Problem statement:
Without copying any picture, transcribe exactly the lines of the data below from the one containing "океан, прибой, радуга" through the one containing "PS1 Total NBA".
[[ Data, beginning ]]
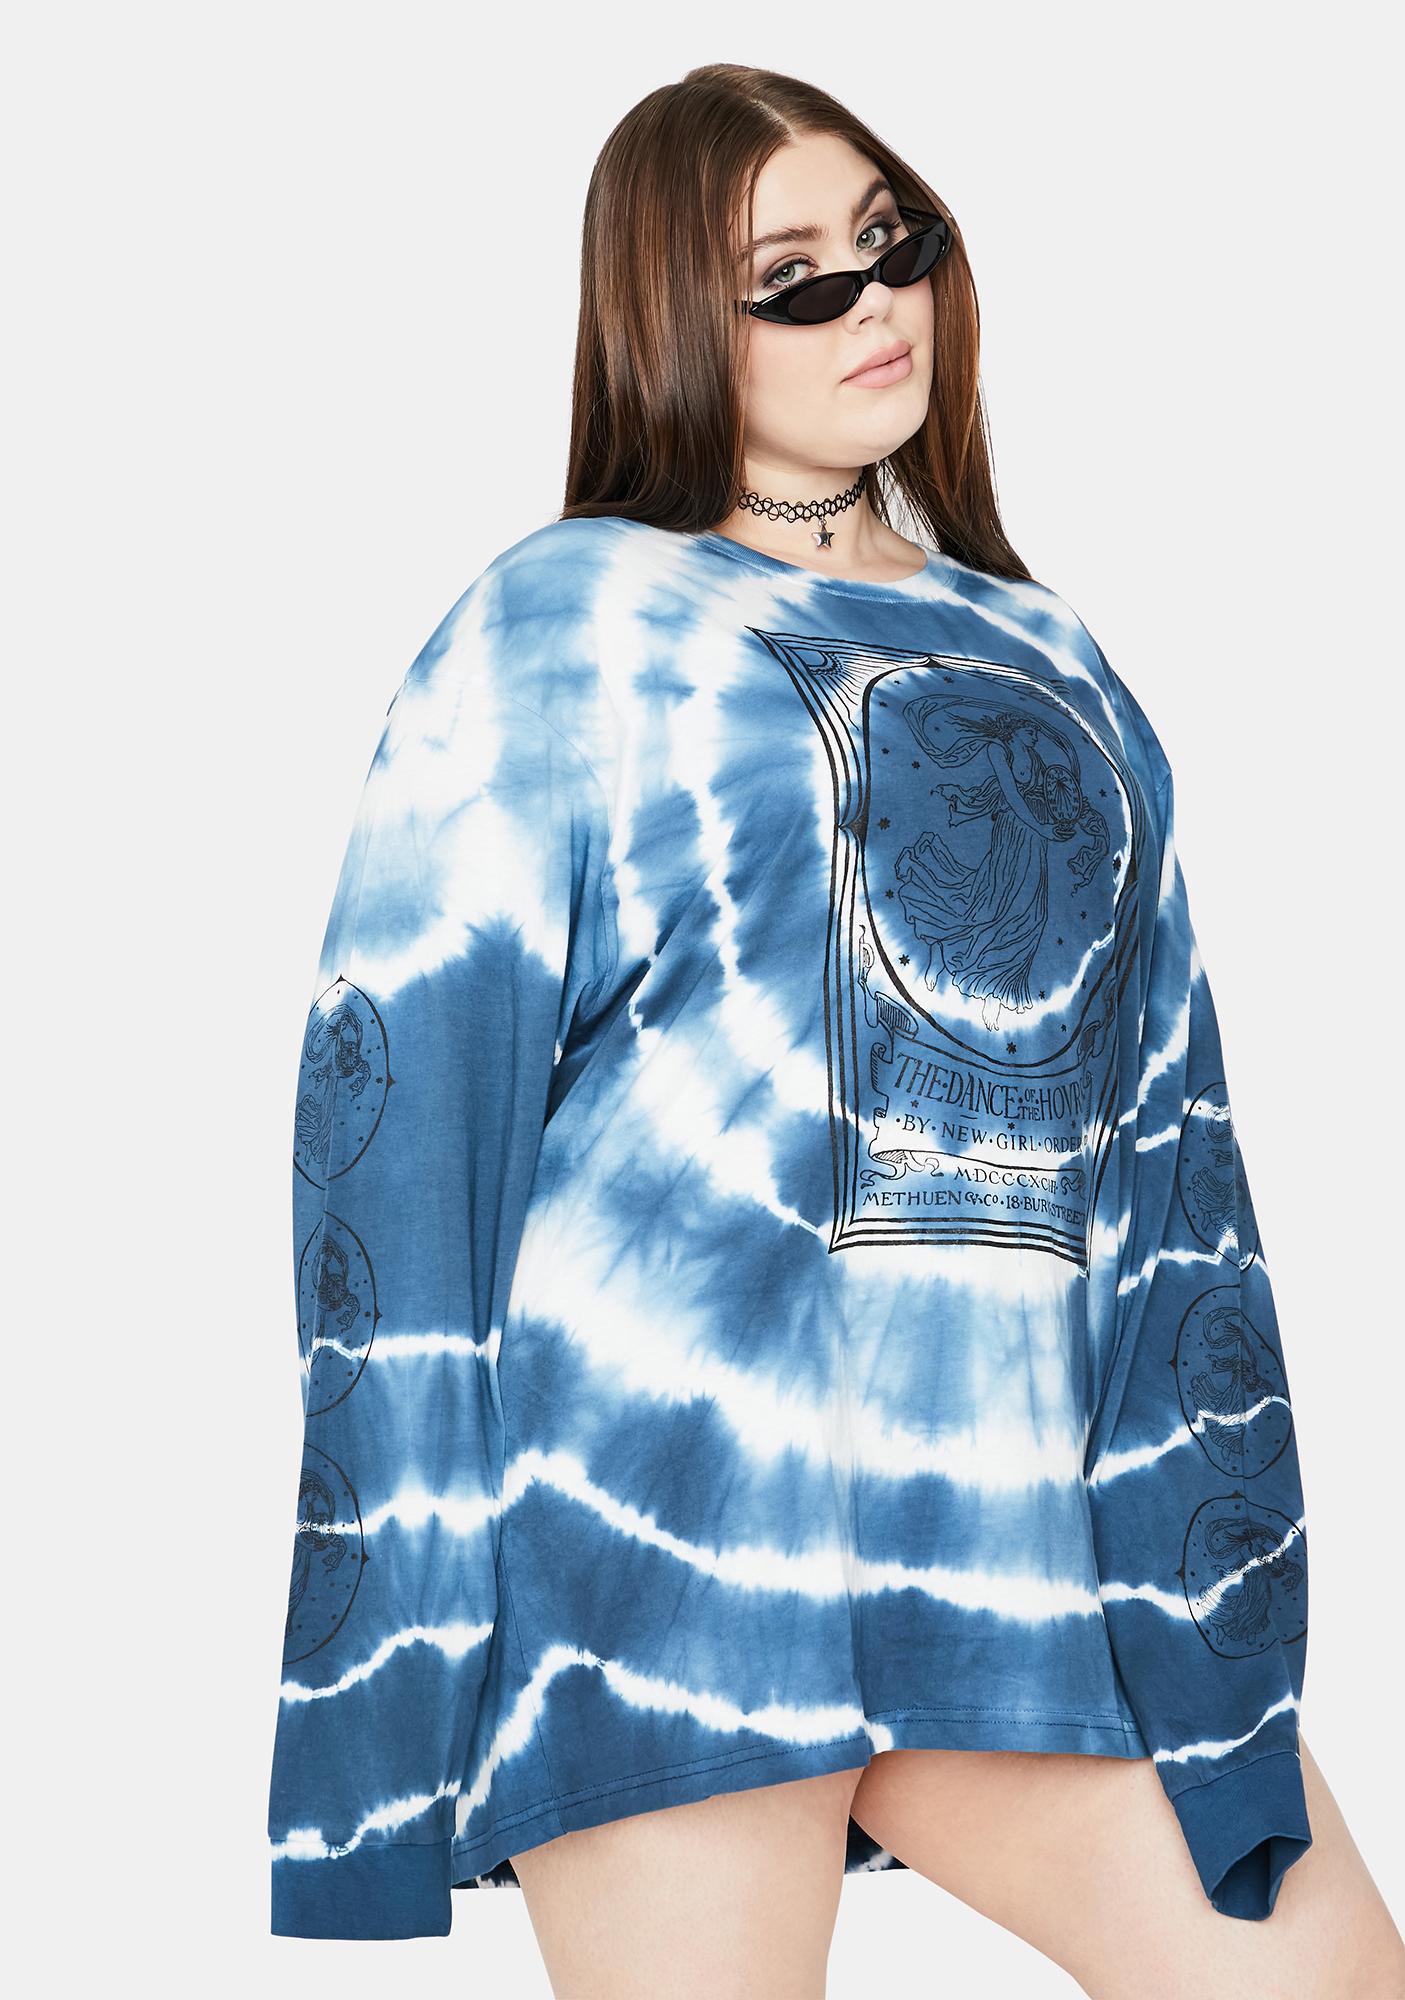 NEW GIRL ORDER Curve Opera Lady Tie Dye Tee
[[ Data, end ]]
[[ Data, beginning ]]
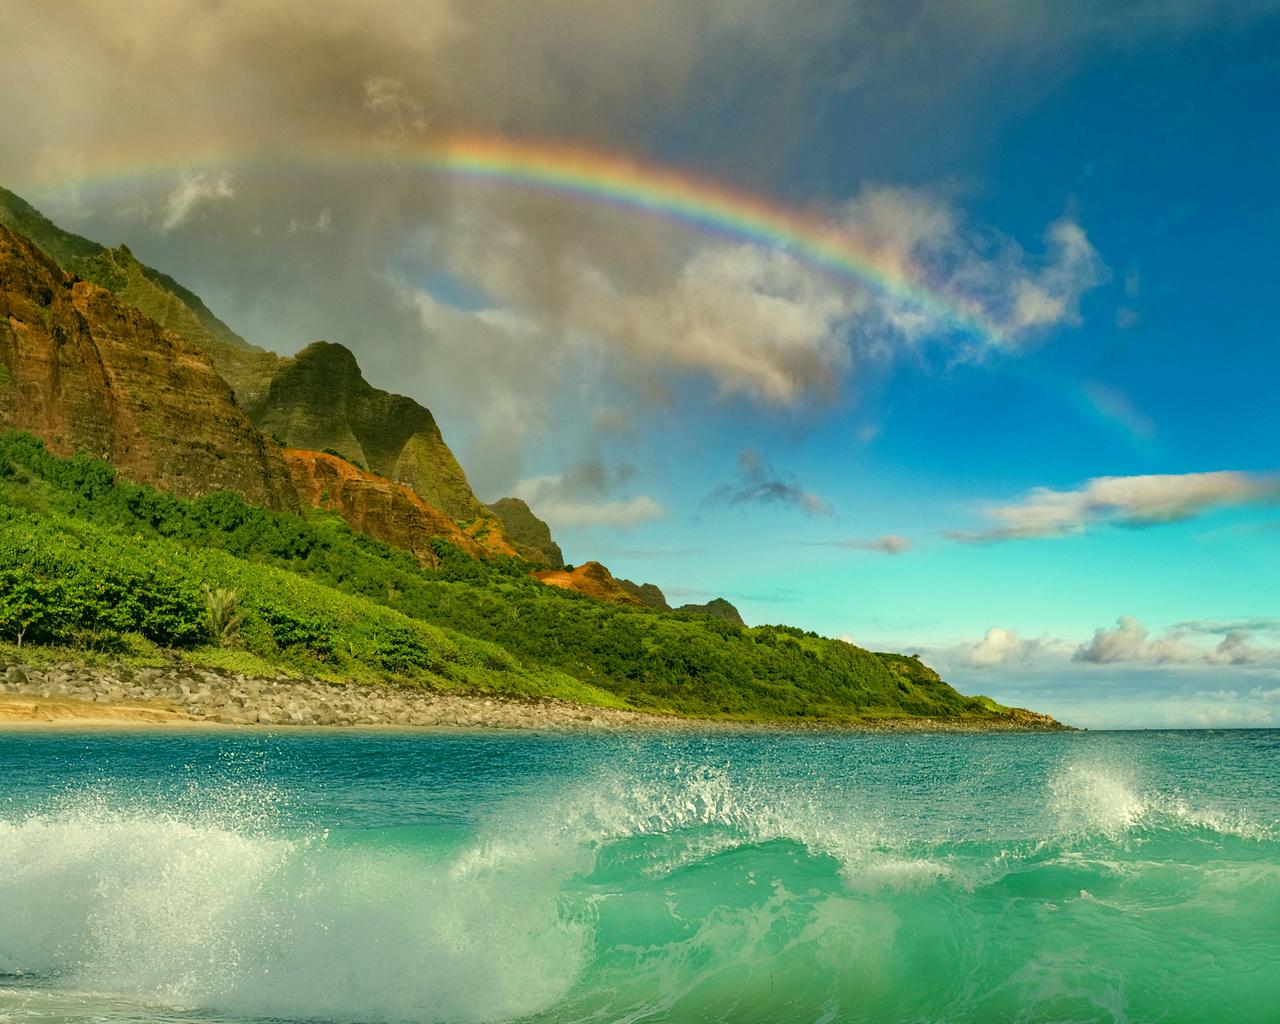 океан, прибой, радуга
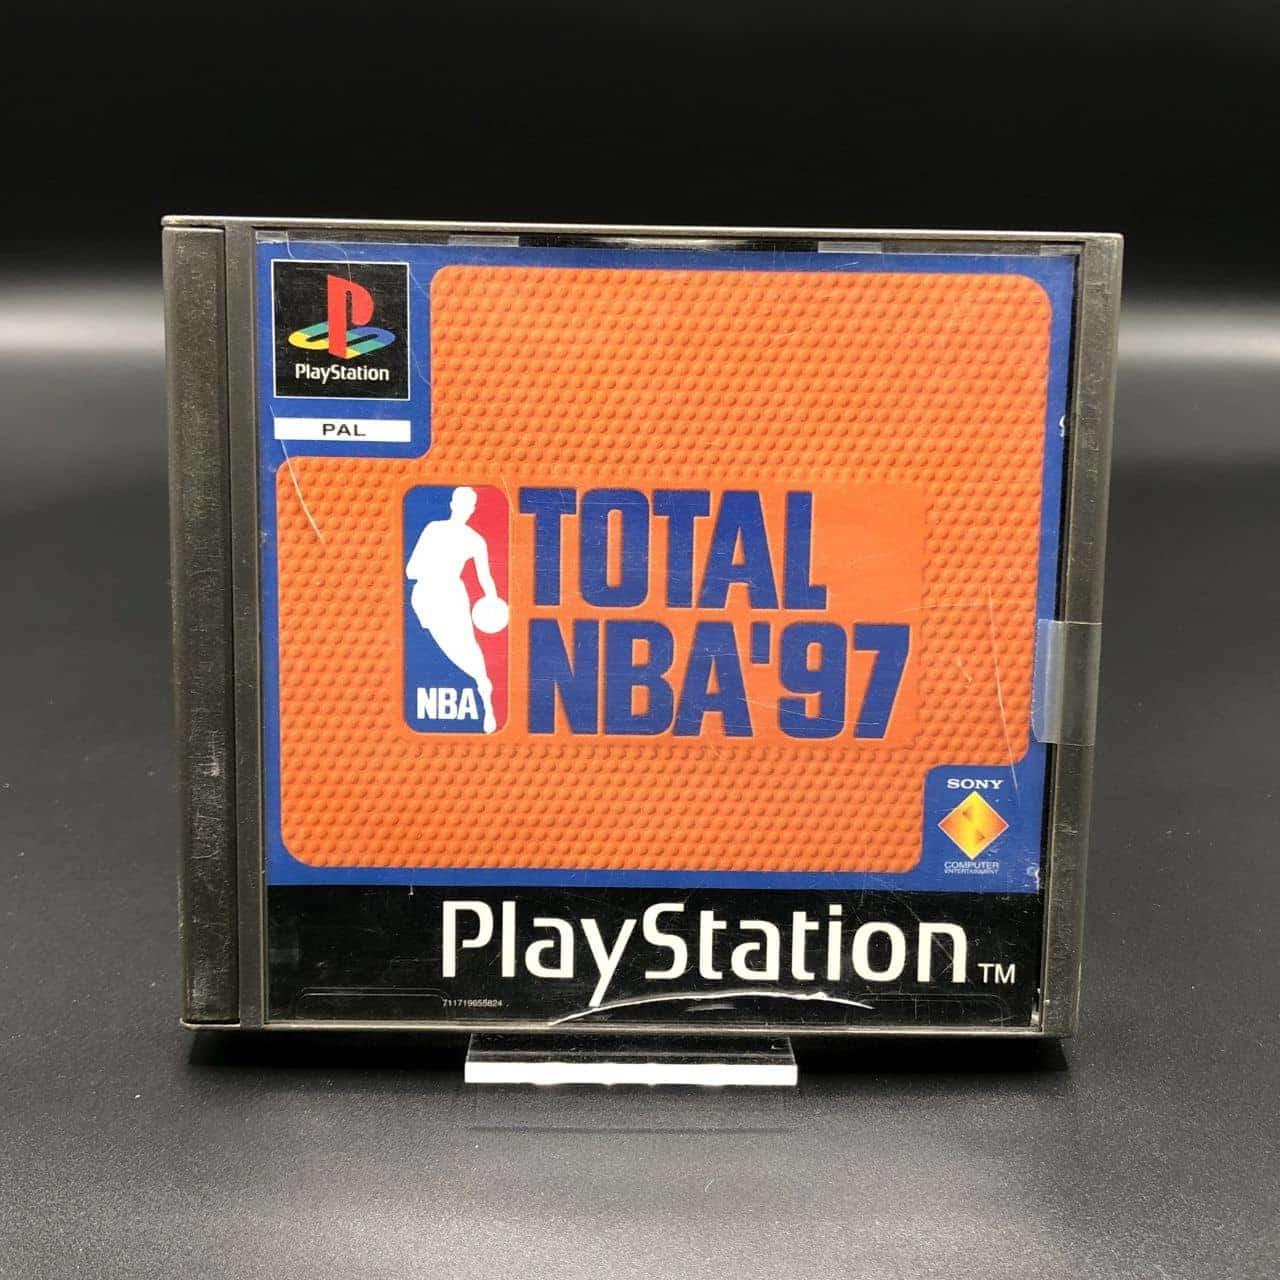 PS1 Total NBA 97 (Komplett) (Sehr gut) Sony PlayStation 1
[[ Data, end ]]
Reply to the exercise:
 океан, прибой, радуга
 PS1 Total NBA 97 (Komplett) (Sehr gut) Sony PlayStation 1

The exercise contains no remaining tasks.